Specifically, in the heat source side refrigerant circuit 2a of the heat source unit 2, the auxiliary refrigerant opening and closing mechanism V4 is opened, and part of the refrigerant gas discharged from the compression mechanism 21 is sent to the auxiliary heat source through the second switching mechanism V3. The exchanger 23 works as a condenser. Of the utilization units 3, only one is operated for heating, and the other two are stopped by closing the utilization-side expansion mechanism V7 and the solenoid valve V9.

In such a refrigerant circuit configuration, by operating the auxiliary heat exchanger 23 as a condenser, the condensation amount of the refrigerant is increased stepwise and the evaporation amount is relatively reduced, so that the pressure of the refrigerant on the discharge side of the compression mechanism 21 is reduced. tendency. In this regard, the main refrigerant opening and closing mechanism V2 is turned on to increase the evaporation amount of the refrigerant in the main heat exchanger 22 . Accordingly, the evaporation load of the heat source unit 2 and the heating load of the utilization unit 3 can be balanced, and the pressure of the refrigerant on the discharge side of the compression mechanism 21 can be stabilized. Then, if the heating operation load of the utilization unit 3 is further reduced (for example, 2 of the 3 utilization units 3 are stopped), the opening degree of the main refrigerant opening and closing mechanism V2 is reduced again, so that the refrigerant of the main heat exchanger 22 The amount of evaporation is reduced, so that the heating load of the utilization unit 3 and the evaporation load of the heat source unit 2 are balanced.

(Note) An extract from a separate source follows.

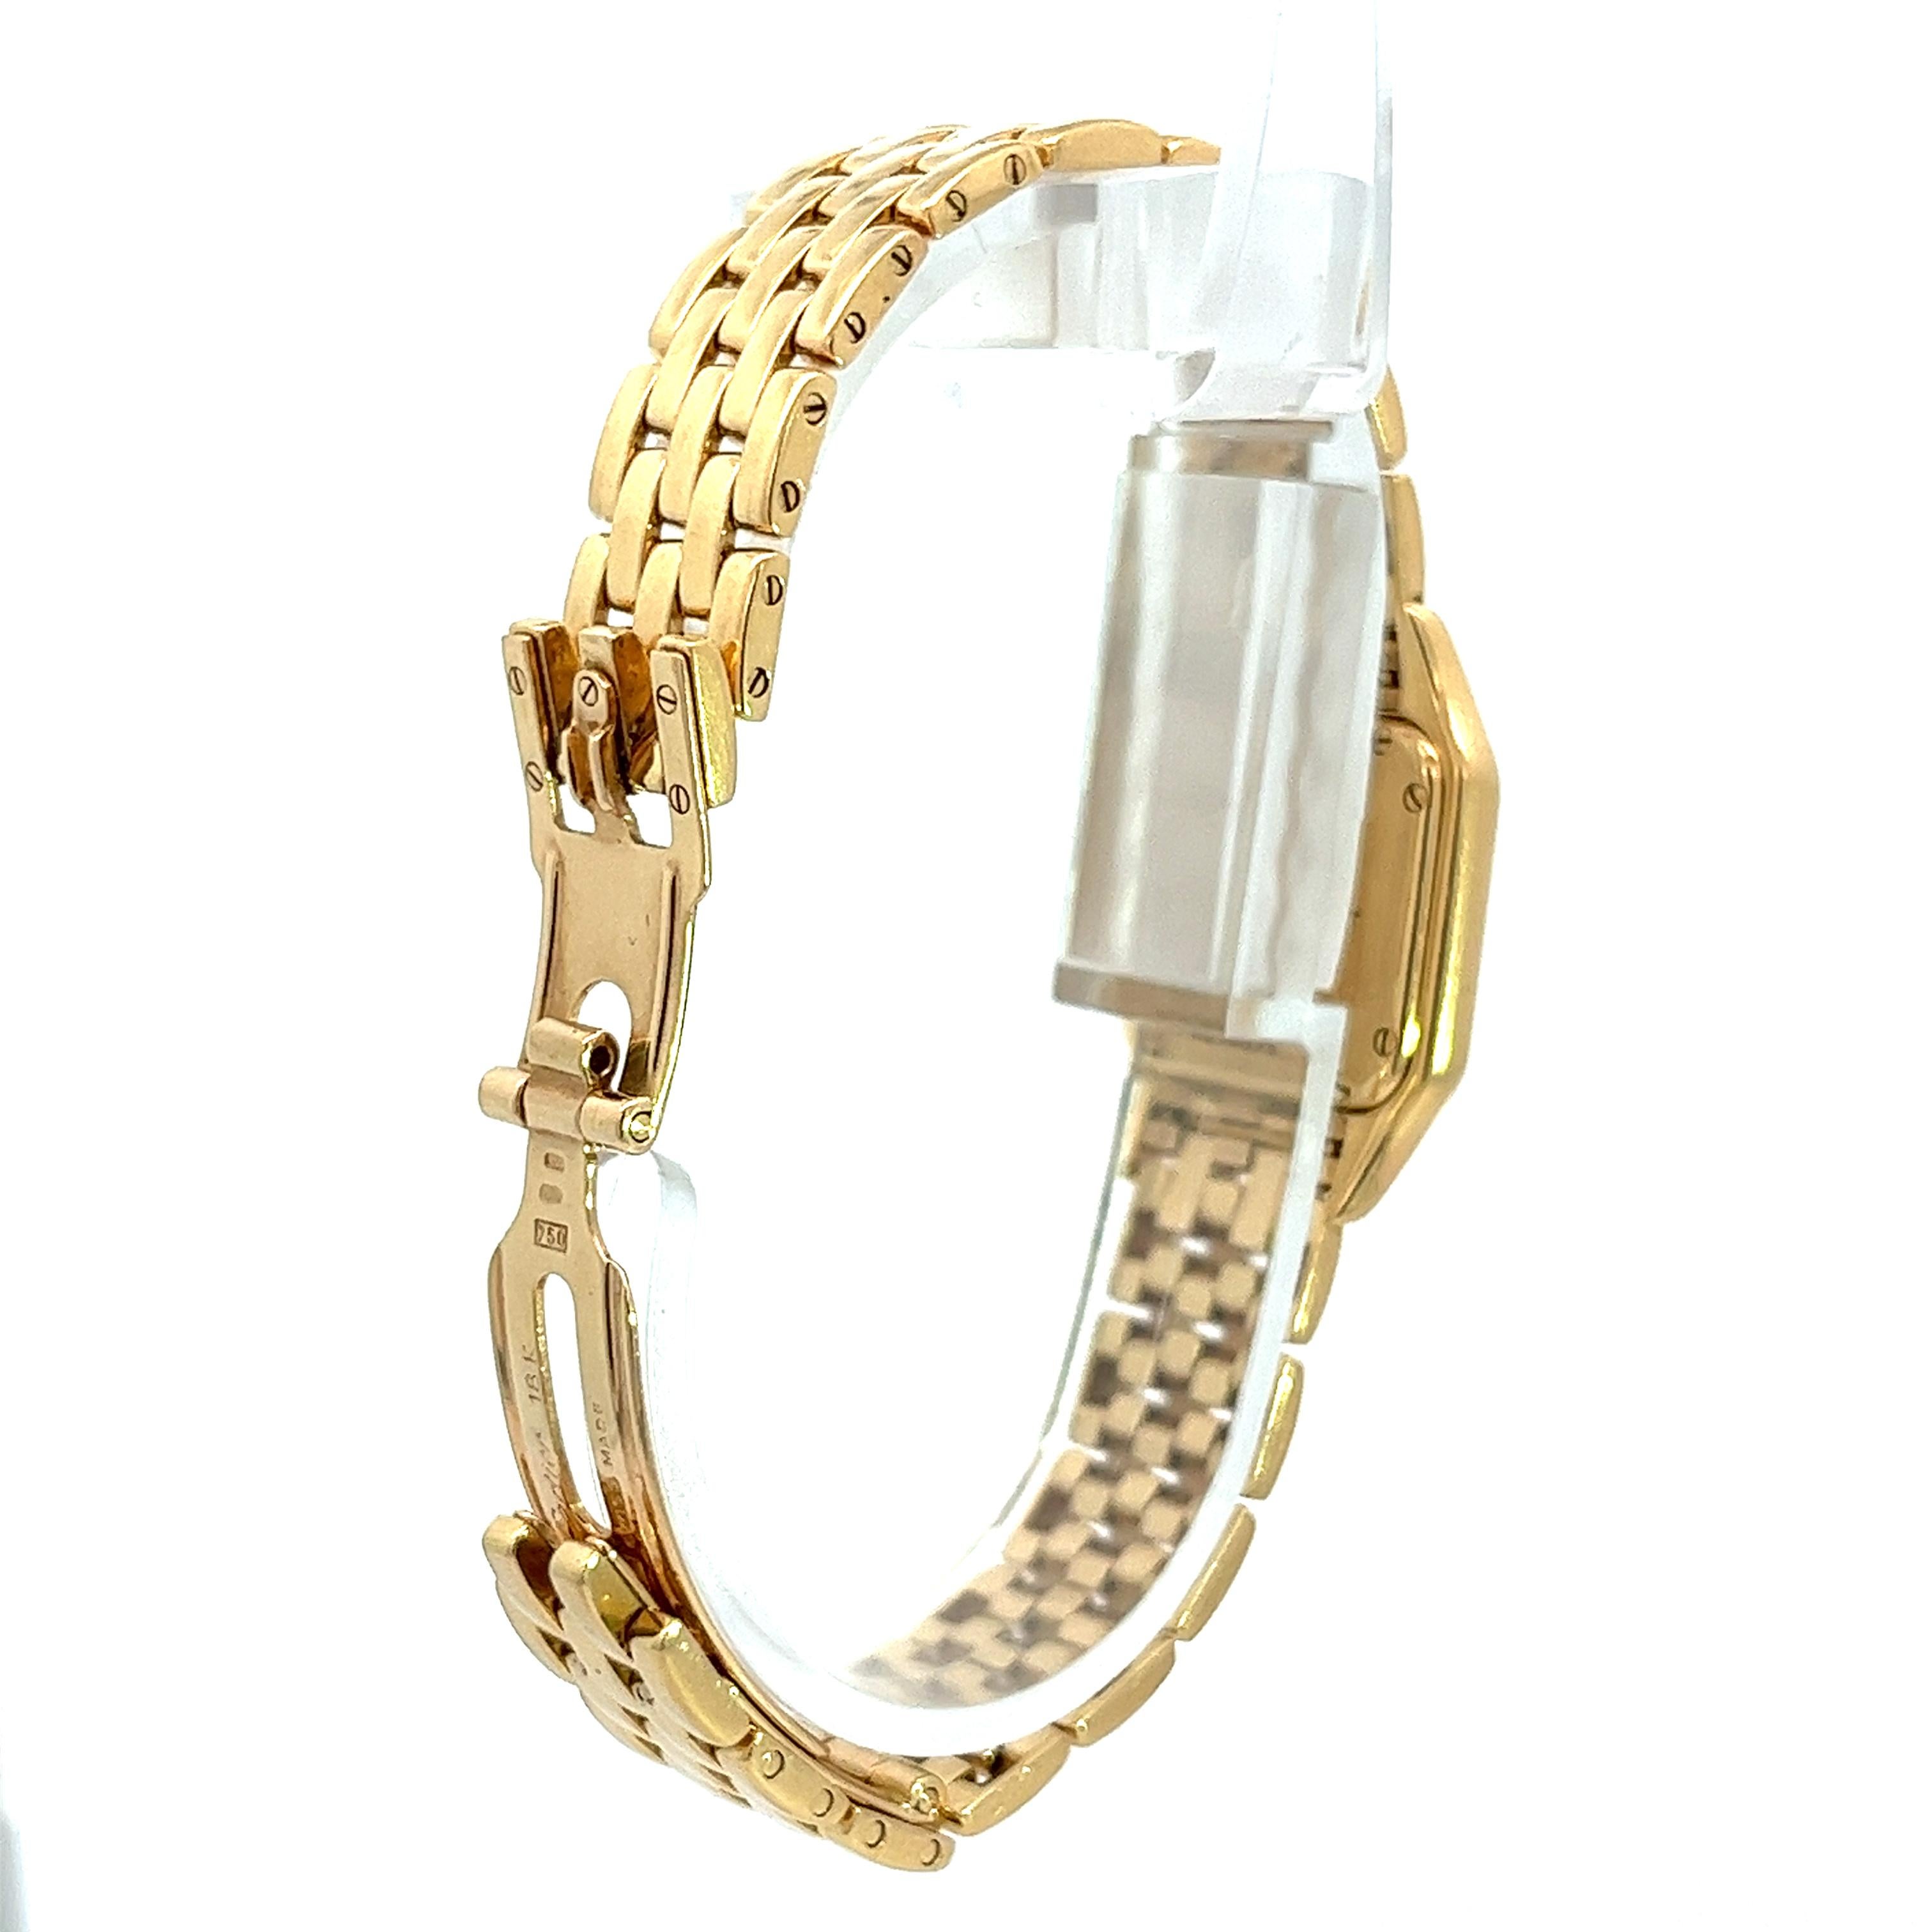 Women's Cartier Panthere MOP 22mm Factory Diamond Bezel Watch in 18K Yellow Gold

③ Simultaneous operation mode of cooling and heating

Here, a case where one of the three utilization units 3 performs cooling operation and the other two perform heating operation will be described. In this operation mode, the refrigerant circuit of the air conditioner 1 is configured as shown in FIG. 5 (the flow of the refrigerant is indicated by arrows).

Specifically, in the heat source side refrigerant circuit 2a of the heat source unit 2, the main heat exchanger 22 is operated as an evaporator, and the auxiliary heat exchanger 23 is operated as a condenser, which is consistent with the low-load heating operation shown in FIG. The refrigerant circuit configurations of the two modes are the same. With regard to the utilization unit 3, in the utilization-side refrigerant circuit 3a of the utilization unit 3 performing air-cooling operation, the utilization-side expansion mechanism V7 works as a pressure reducing valve, and each utilization-side heat exchanger 32 acts as a cooling valve in order to supply cold air to the room. The evaporator of the agent is working. In the refrigerant circuit of the connecting unit 4, the solenoid valve V8 is in an open state, and the solenoid valves V9 and V10 are in a closed state.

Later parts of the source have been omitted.